Nothing wrong with that, best of luck with what ever you decide to do.


----------



## Big_Dan

wogihao said:


>


lmao


----------



## cellaratt

Con, loving the new avatar...What have you been up to since school's let out...?


----------



## Guest

cellaratt said:


> Con, loving the new avatar...What have you been up to since school's let out...?


 :laugh:Manson actually sent me the picture i thought it was cool:thumb:

Since school has let out my brother has been here and we have been training hard. I was living with my gf up until today when every thing changed. She had to move back home because her parents constant begging and crying finally made her cave:rolleyes: So now i have a choice either ditch this school move where she is in the back end of no where in fact its 10 mins away from where deliverance was filmed (the river) so you can imagine what a small place it is! Then hopefully get into a new school in the spring as its too late for fall classes and in the mean time do a pt course at home OR i just give up on her and move on, which isnt what i want to do but i have 12 days (until my brother goes home).

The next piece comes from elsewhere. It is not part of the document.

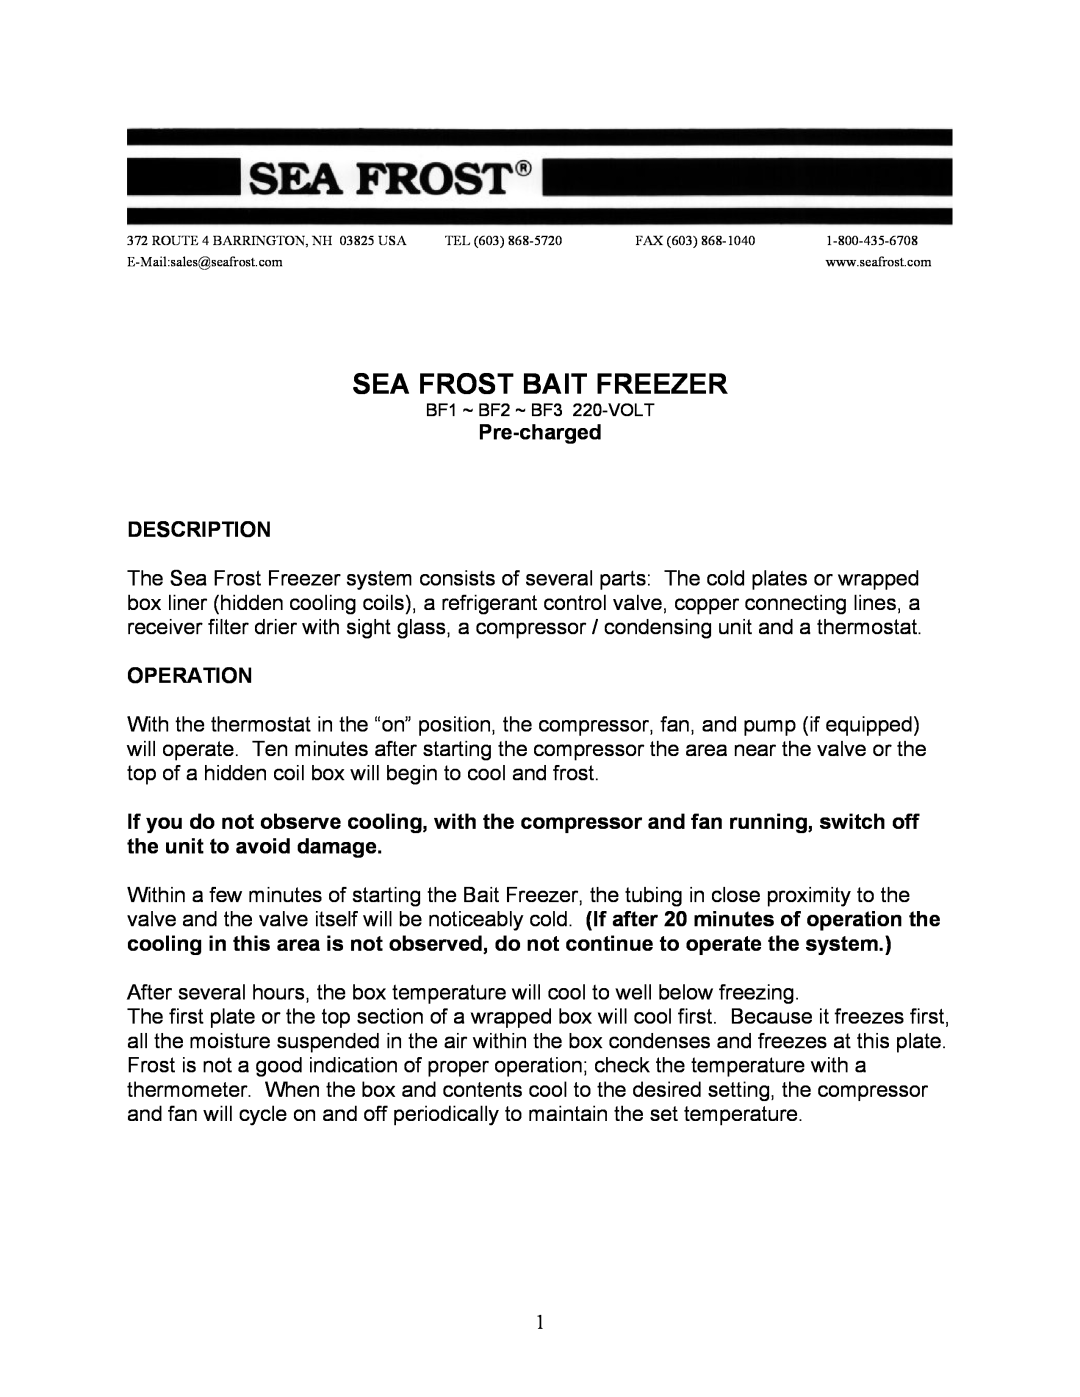 Sea Frost manual Sea Frost Bait Freezer, Pre-charged DESCRIPTION, Operation

Its a hard choice because i will lose out on a few k due to me still having to pay rent where i am until next summer also being behind in school but at the same time i deffo love her so i think i will probably go.

My biggest worry is if i go there live there for a couple of years and would still be with her and then be ready to leave and her parents guilting her not to go and by that stage i could have a child or some thing so i could be royally screwed.

Any ways how about you mate?

I am glad you made the post when i saw some one had posted in my thread i though "oh here we go again some one telling me i made a mistake by not carrying through with the prep":laugh: :thumb:


----------



## hackskii

Con, do you want to hook up with the chick to maintein residency?

Or do you love her?

Hell, we can do a gay marrage thing if you want to stay in the states.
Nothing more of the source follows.